Latent Dirichlet Allocation in R.
Theses / Institute for Statistics and Mathematics, 2.
WU Vienna University of Economics and Business, Vienna.
Topic models are a new research field within the computer sciences information retrieval and text mining. They are generative probabilistic models of text corpora inferred by machine learning and they can be used for retrieval and text mining tasks. The most prominent topic model is latent Dirichlet allocation (LDA), which was introduced in 2003 by Blei et al. and has since then sparked off the development of other topic models for domain-specific purposes.

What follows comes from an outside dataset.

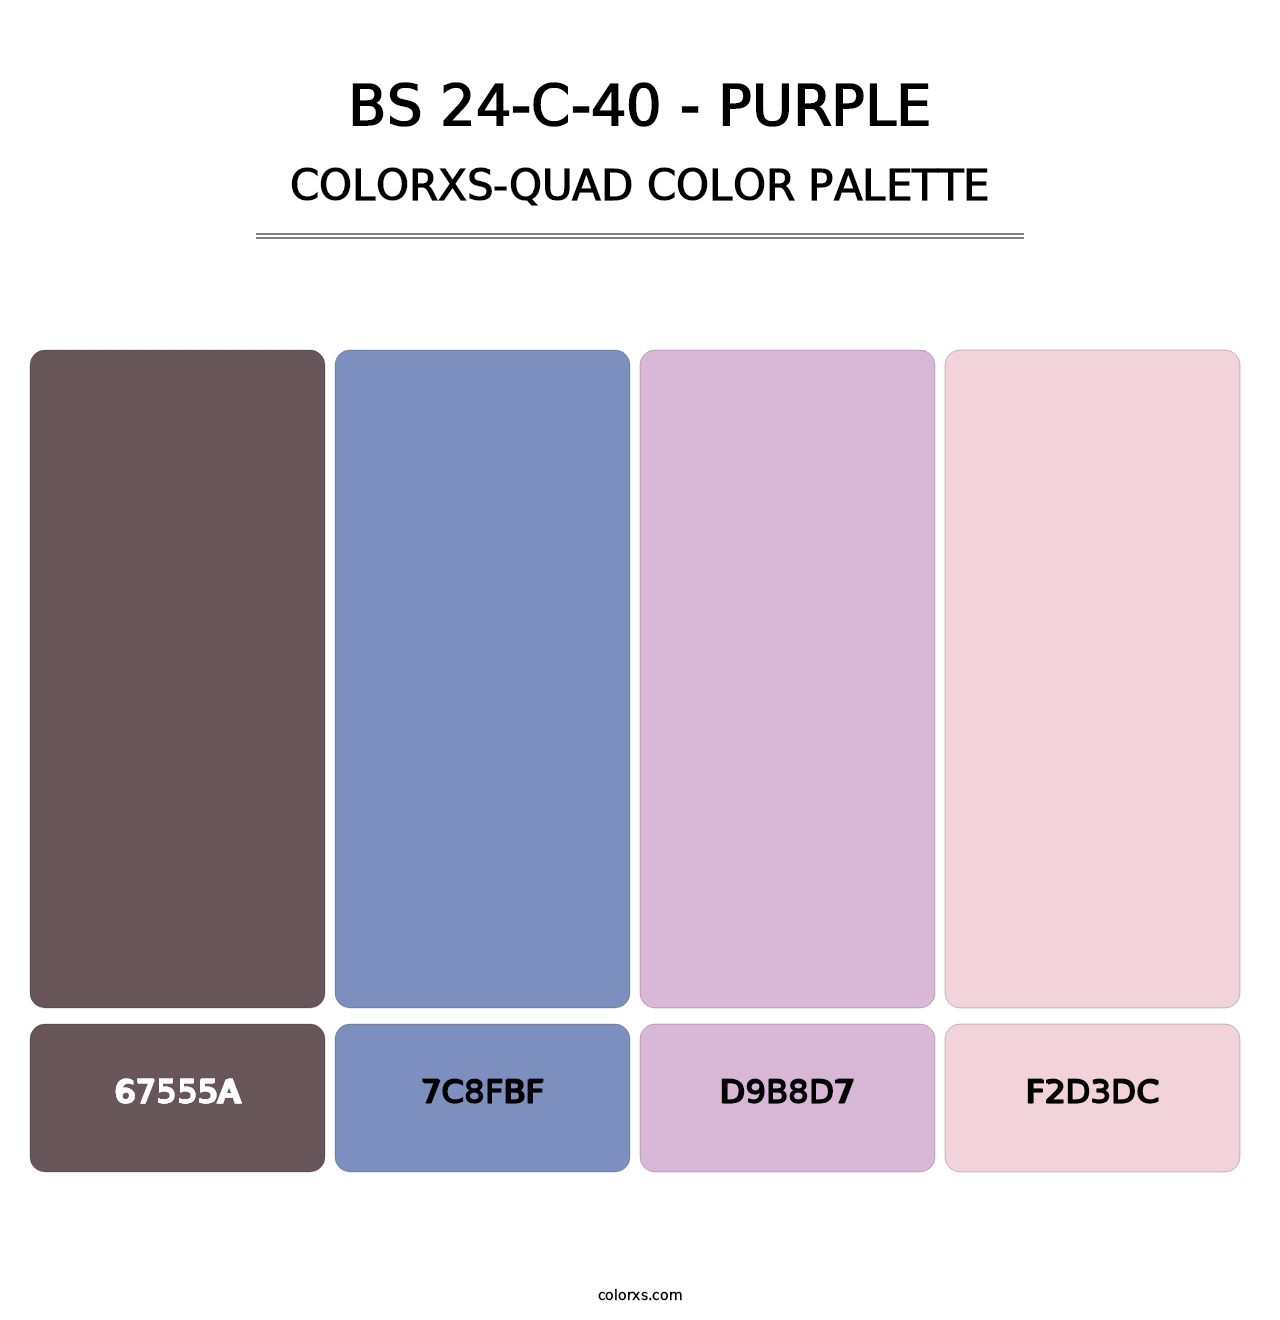 BS 24-C-40 - Purple - Colorxs Quad Palette

This thesis focuses on LDA's practical application. Its main goal is the replication of the data analyses from the 2004 LDA paper ``Finding scientific topics'' by Thomas Griffiths and Mark Steyvers within the framework of the R statistical programming language and the R~package topicmodels by Bettina Grün and Kurt Hornik. The complete process, including extraction of a text corpus from the PNAS journal's website, data preprocessing, transformation into a document-term matrix, model selection, model estimation, as well as presentation of the results, is fully documented and commented. The outcome closely matches the analyses of the original paper, therefore the research by Griffiths/Steyvers can be reproduced. Furthermore, this thesis proves the suitability of the R environment for text mining with LDA. (author's abstract)